- Developer: Jutsu Games
- Publisher: Games Operators
- Engine: Unity ;
- Platform: Windows
- Release: April 11, 2024 (early access)
- Genres: City-building game, survival
- Mode: Single-player

= Infection Free Zone =

2024 video game

Infection Free Zone is a post-apocalyptic survival city-building game developed by Jutsu Games and published by Games Operators for Windows. It was released for early access on April 11, 2024. The game takes place in a post-apocalyptic world where the "Mad Virus" has rapidly spread globally, transforming humans into aggressive infected creatures and causing the collapse of civilization within weeks. Players manage groups of survivors during the day to scavenge for resources and construct defenses, while defending their settlements against waves of infected during nighttime attacks.

== Gameplay ==

In Infection Free Zone, players assume control of a group of survivors tasked with establishing and defending a settlement against infected hordes and hostile factions. The core gameplay revolves around a day-night cycle where players manage squads of armed survivors who scavenge buildings for essential resources including food, medicine, weapons, and construction materials during daylight hours while the infected remain dormant indoors.

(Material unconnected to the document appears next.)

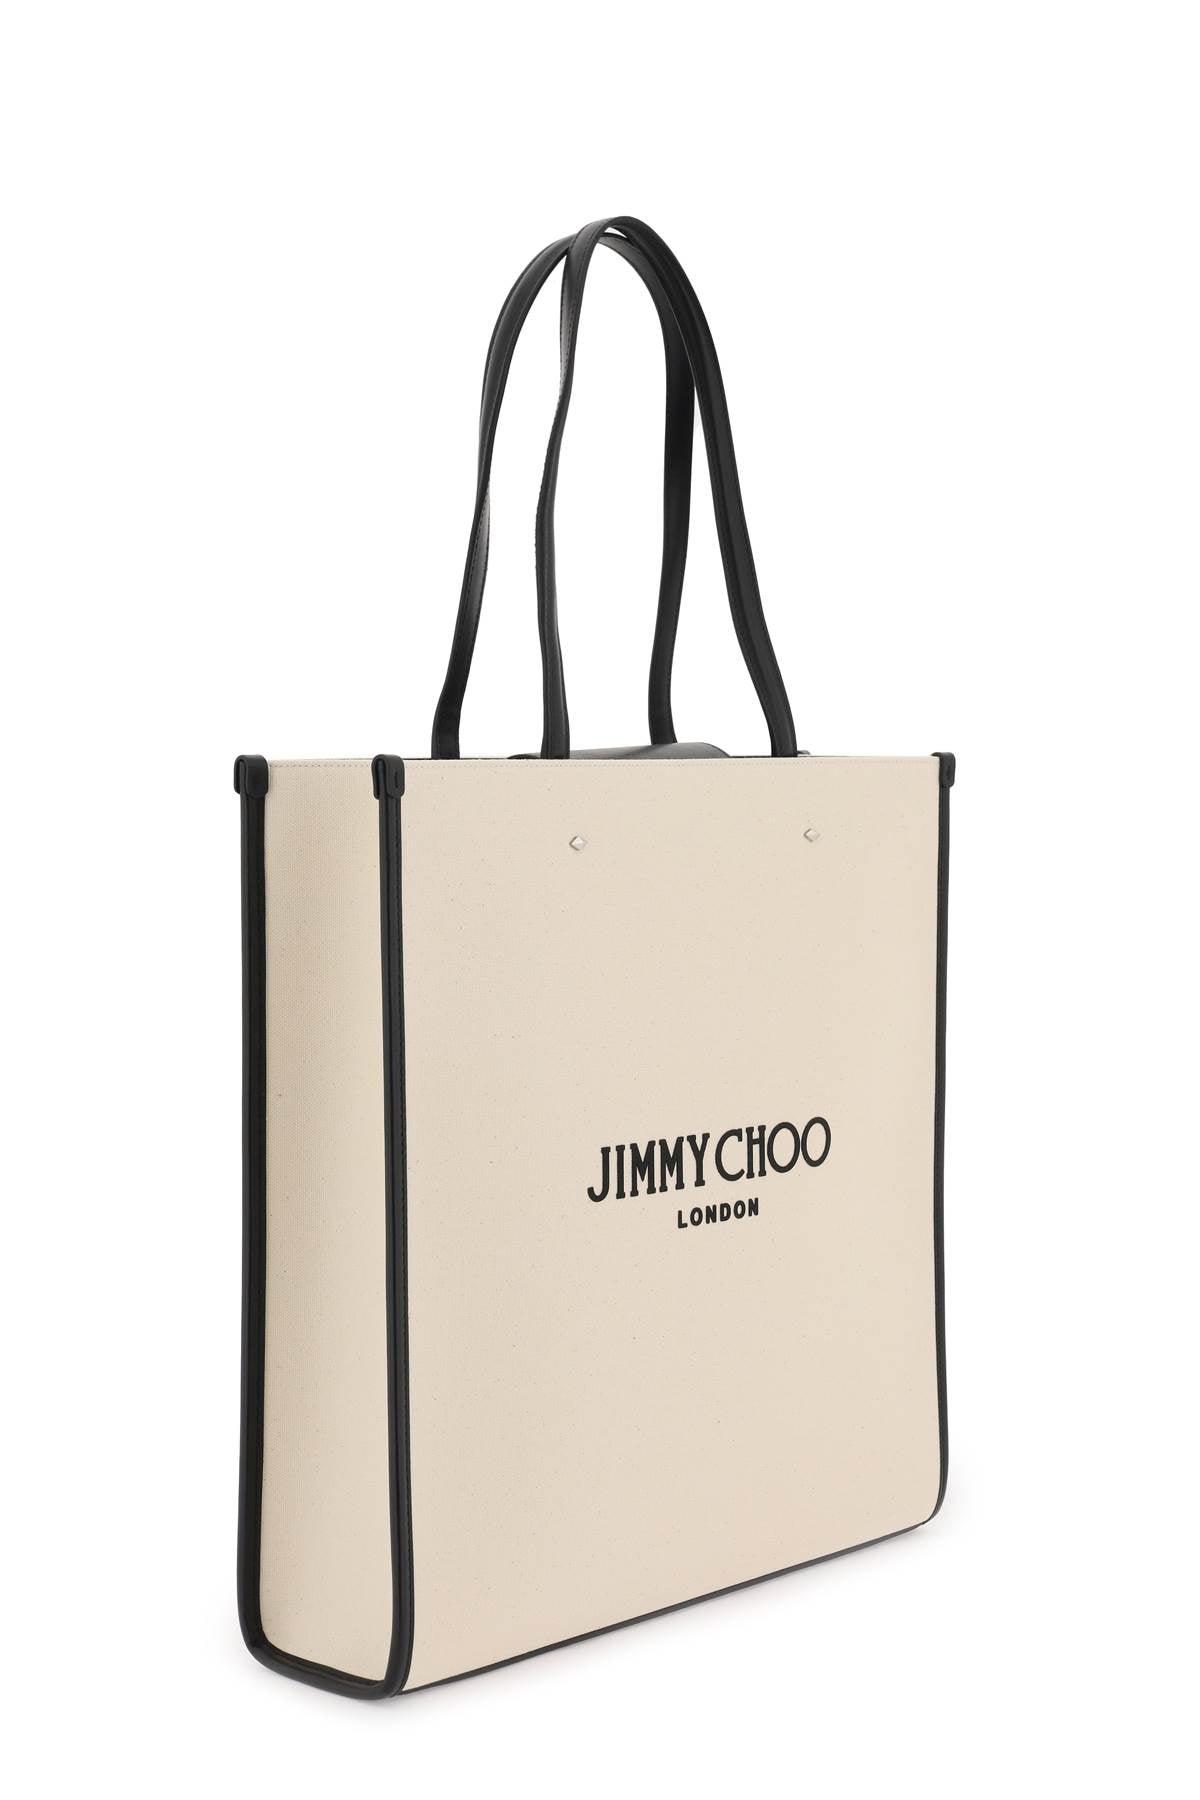 Jimmy Choo N/S Canvas Tote Bag - JOHN JULIA

Players must strategically choose their headquarters location and adapt existing real-world buildings into functional facilities such as medical bays, workshops, farms, and research centers to create a self-sustaining settlement. Defense preparation is crucial, as each night brings waves of aggressive infected that attack the player's zone, requiring the construction of walls, watchtowers, gates, and strategic positioning of armed squads to repel assaults. The game emphasizes resource management and strategic planning, with players needing to balance exploration for supplies against maintaining adequate defenses, while also managing survivor morale through proper food distribution and shelter.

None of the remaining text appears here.